Based on your answer, my initial thinking must not be correct.
If 100 out of 1000 cavemen have an apple, but 5% of the apples are actually a plastic replica of an actual apple.. then only 95 cavemen have apples grown from a tree.
Using your formula, for the above statment to determine how many cavemen have actual apples, I get a value of .65519?
In that example, you're not calculating how many cavemen have apples. Rather you are calculating the probability, given that you are that a caveman has an apple, that is a real apple rather than a fake one.
So given a prevalence of 0.1 specificity of the test of 0.95 then a PPV around 0.65 seems about right. If your "test" detected an apple, there's about a 65% chance that it's really an apple.

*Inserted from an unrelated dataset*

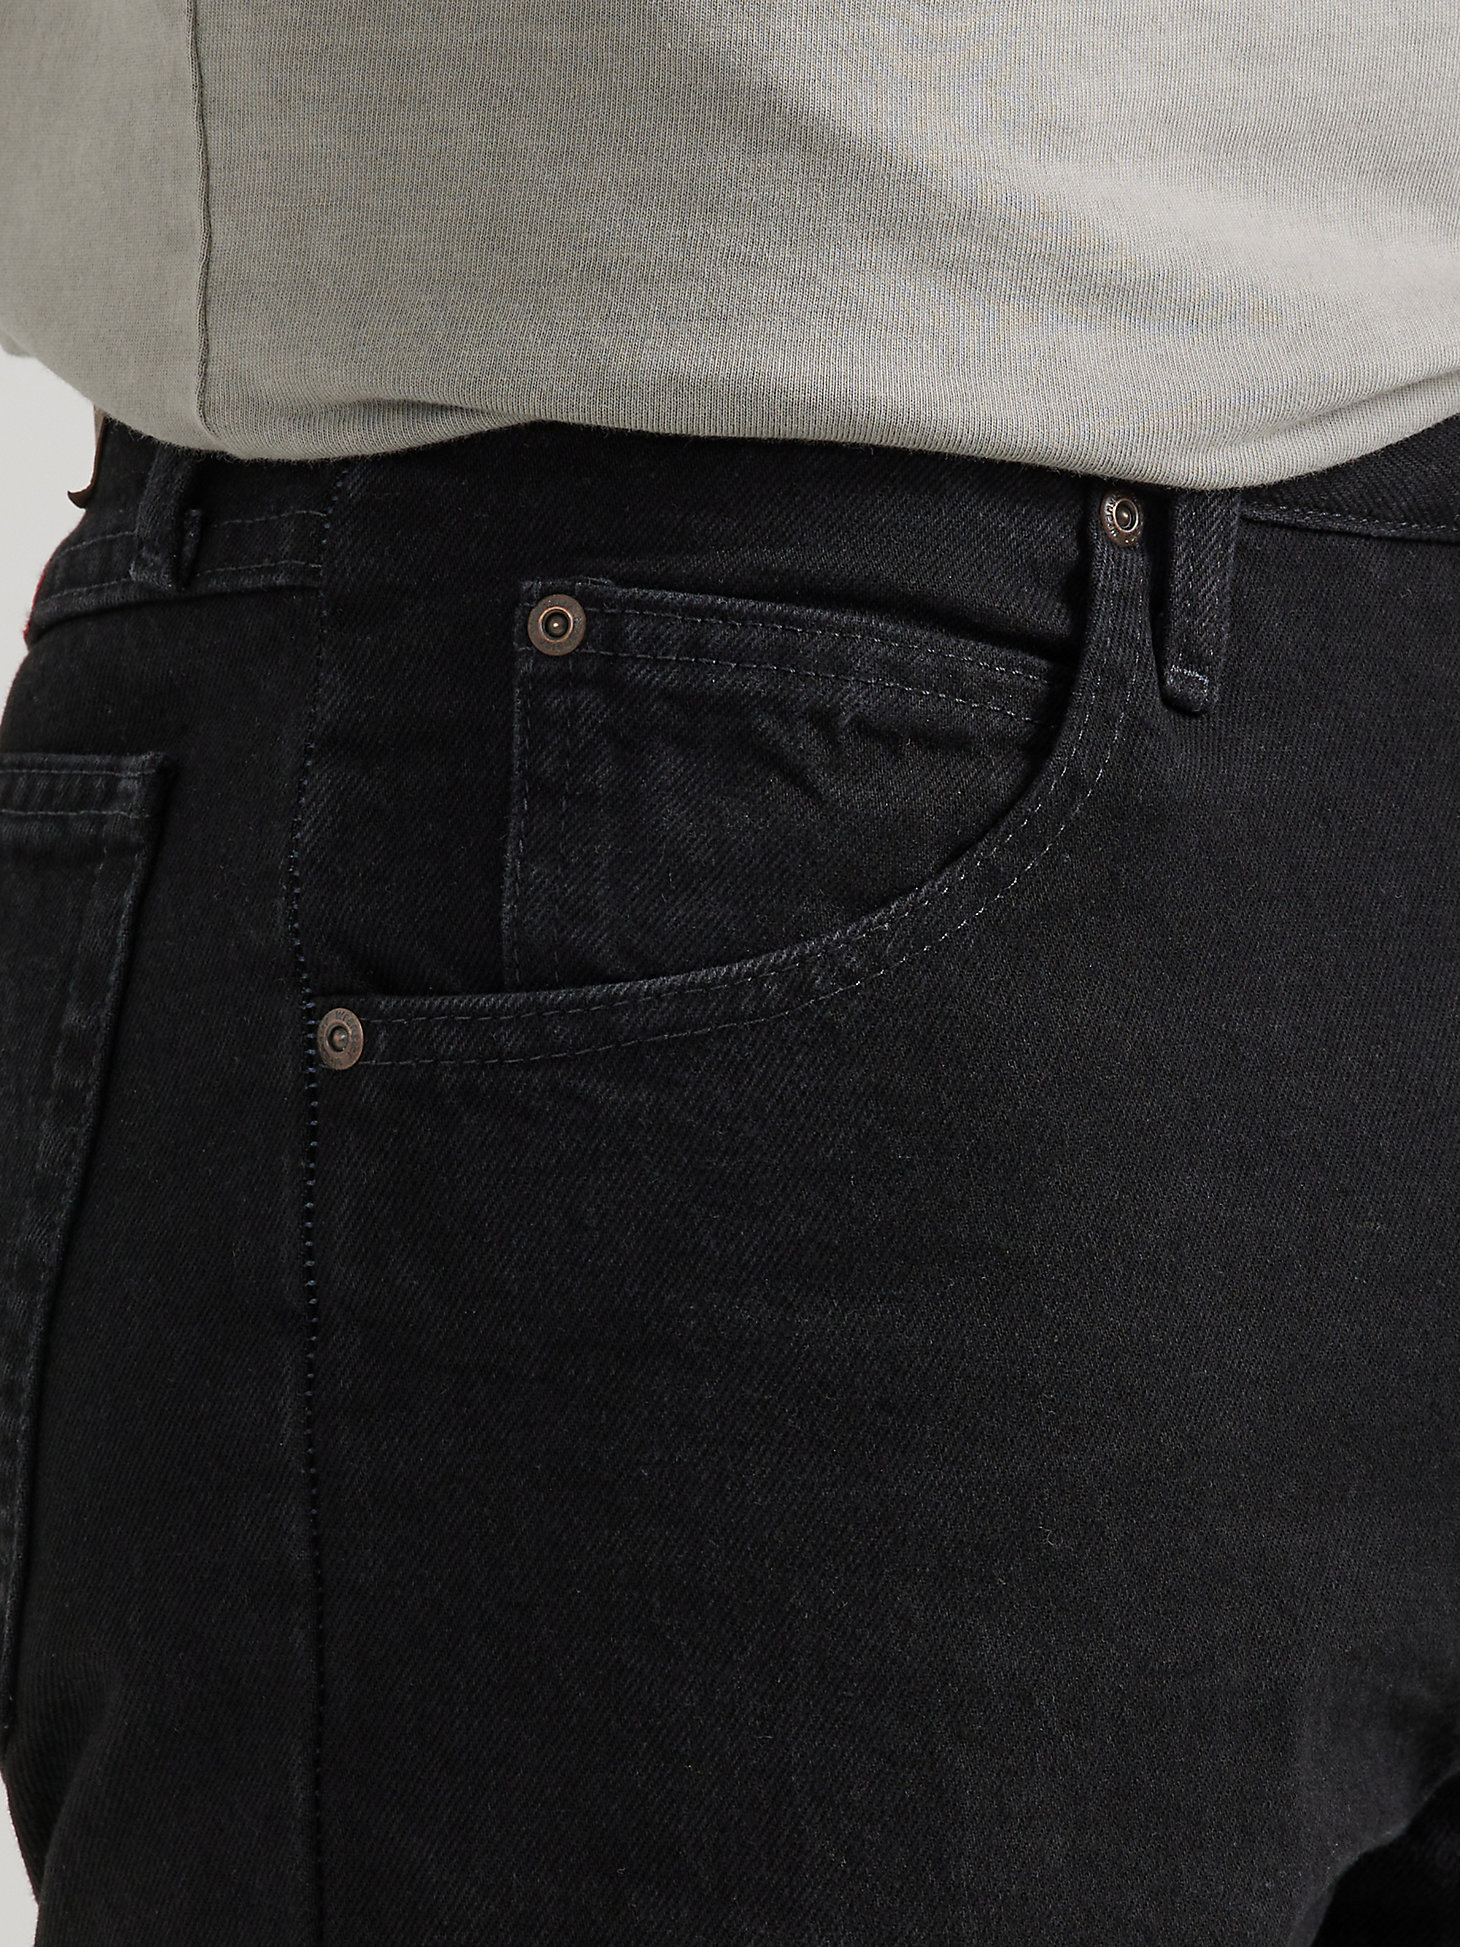 Wrangler® Five Star Premium Denim Regular Fit Jean in Coal Black alternative view 3
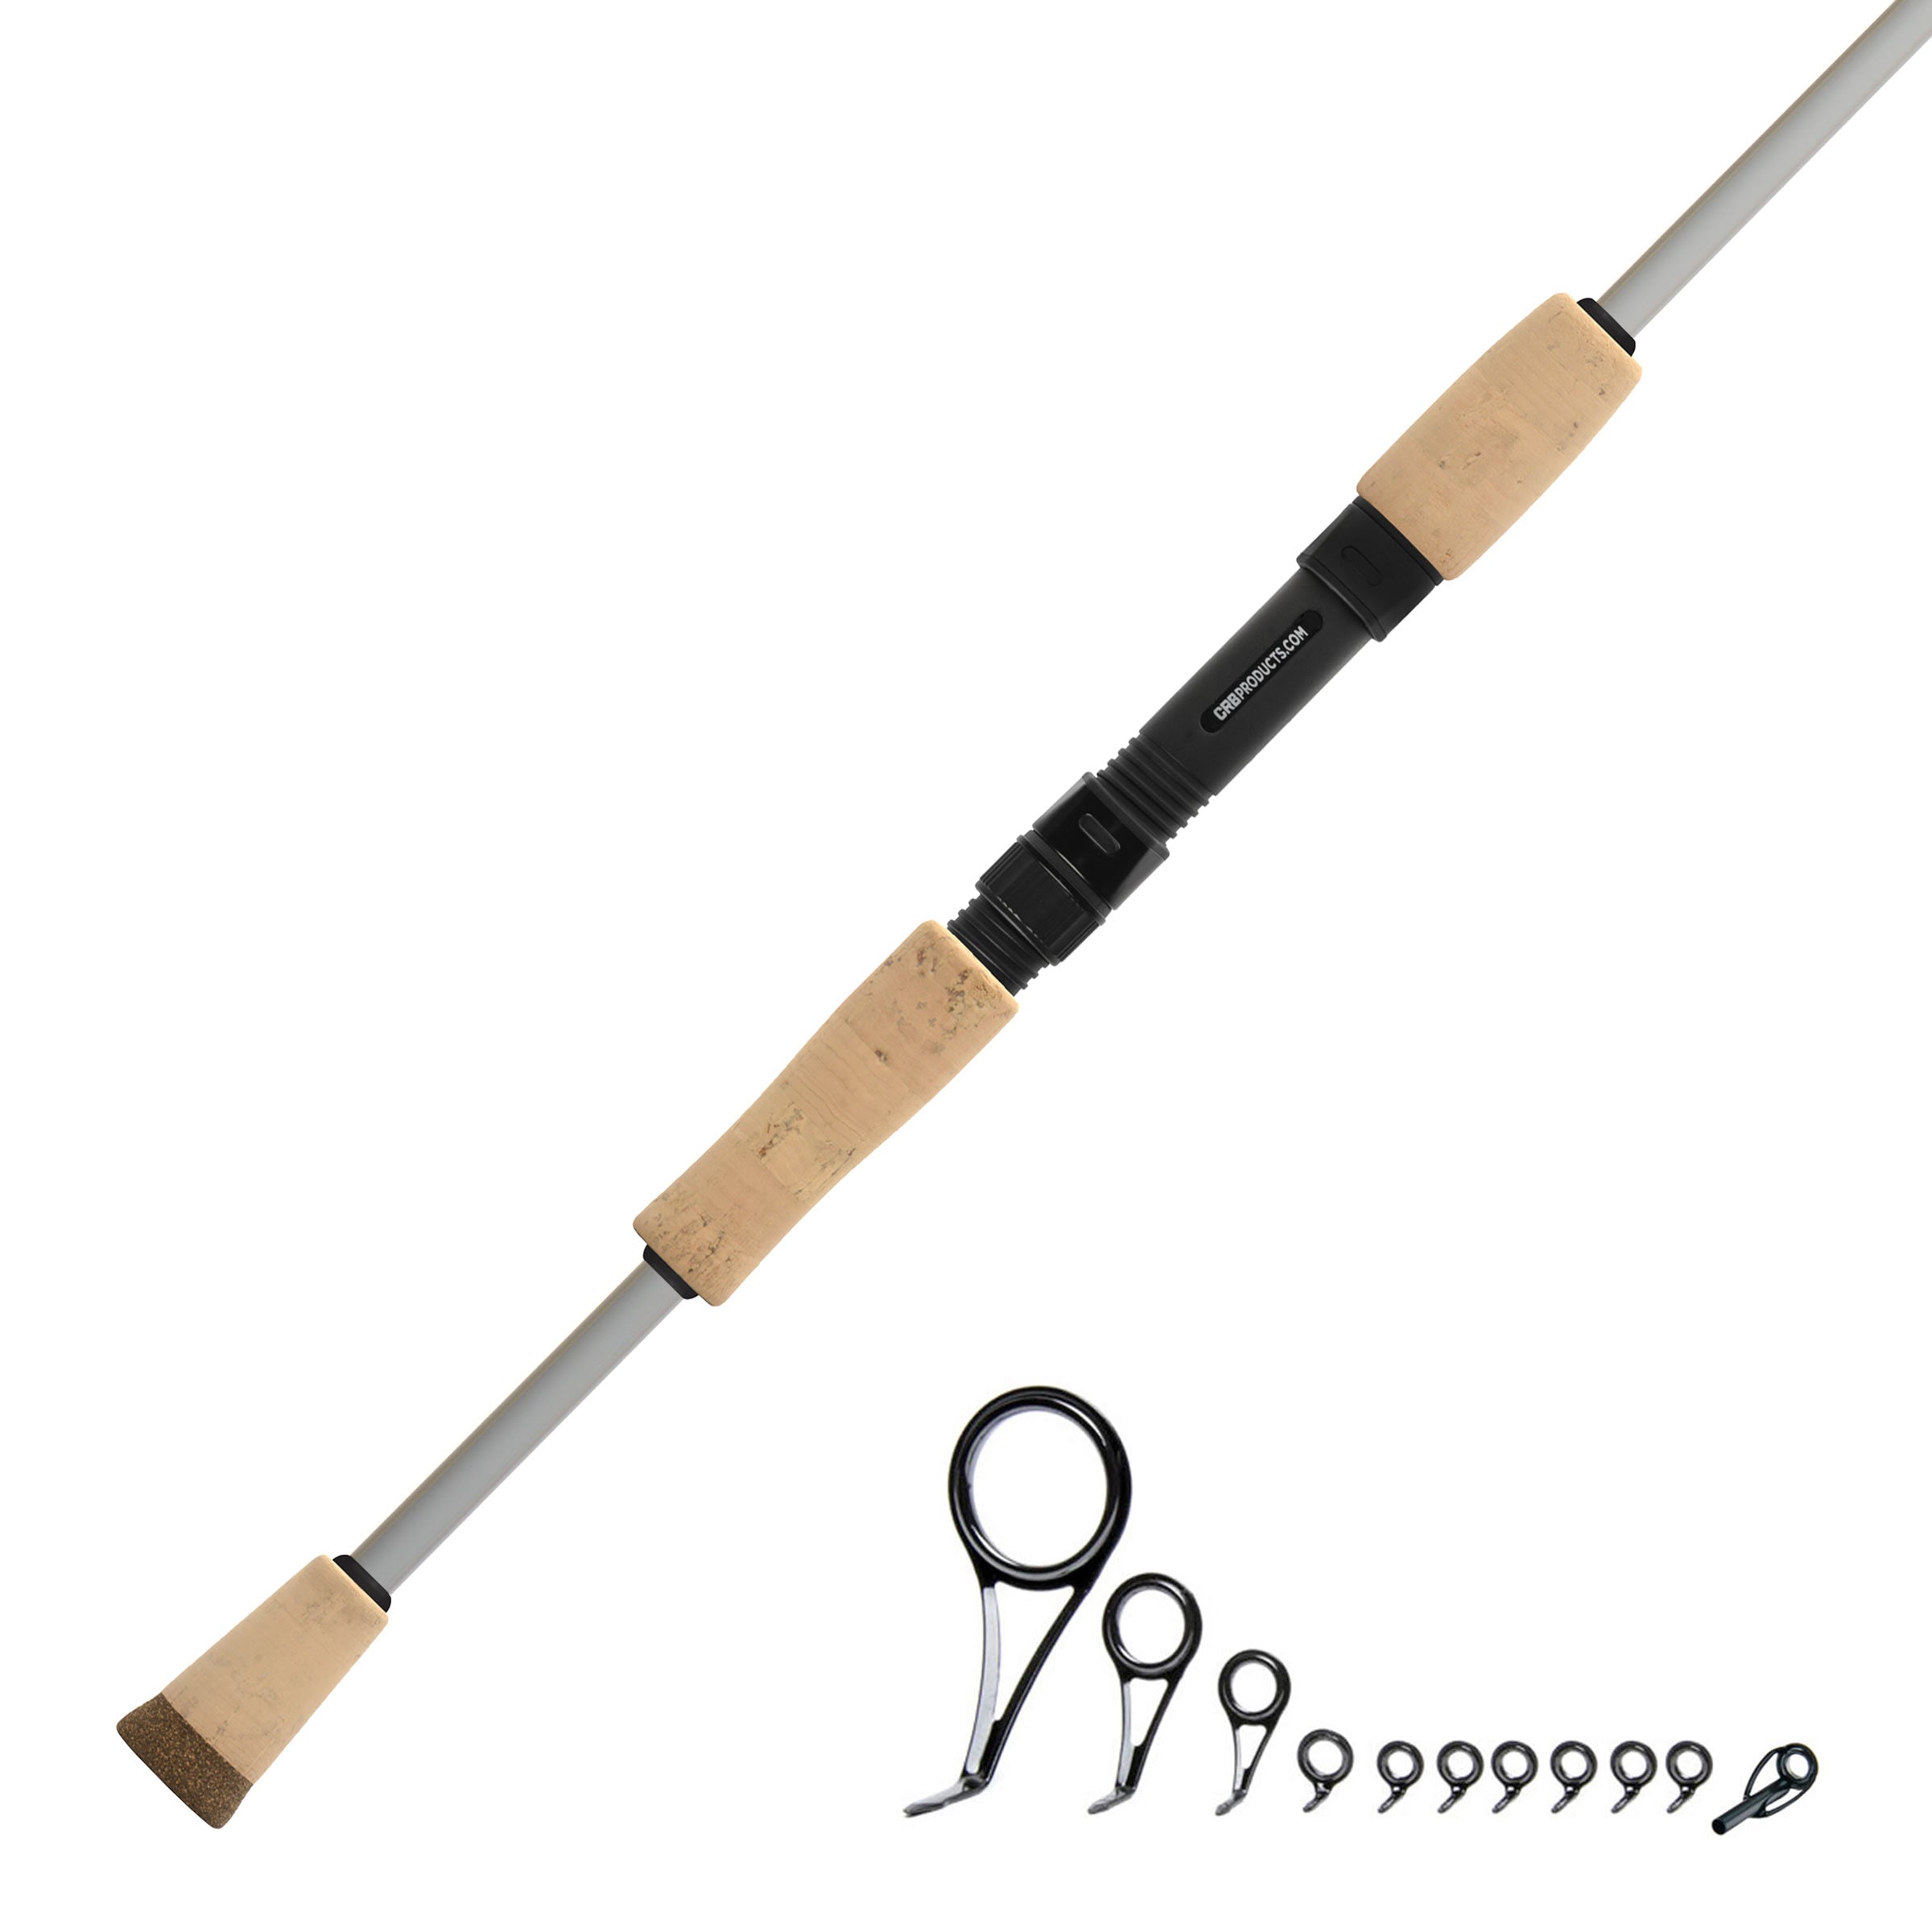 2x Fishing Rod Handle Composite Cork Handle Grip with Reel Seat

I guess I'm too retarded to wrap my head around 5/100 equating a 65% chance. I knew there was a reason I chose to stay out of professions that puts the lives of others in my hands. :D
Thank you. The question throws out "prevalence of 1/1000" but then asks about only people with a positive result... a result that is wrong 5% of the time. It doesn't ask about the odds of some random dude having the disease, which is what people are trying to answer. It only asks about people who already have tested positive. And if the test gives a false positive 5% of the time, then 5% of the people who tested positive got the wrong result. People who tested negative aren't part of the actual question. It's more about reading comprehension than maths skills.
If thats an accurate take, then there is a subset of people who are lacking in one life skill, who believe they are more intelligent than the majority because they don't get the same answer..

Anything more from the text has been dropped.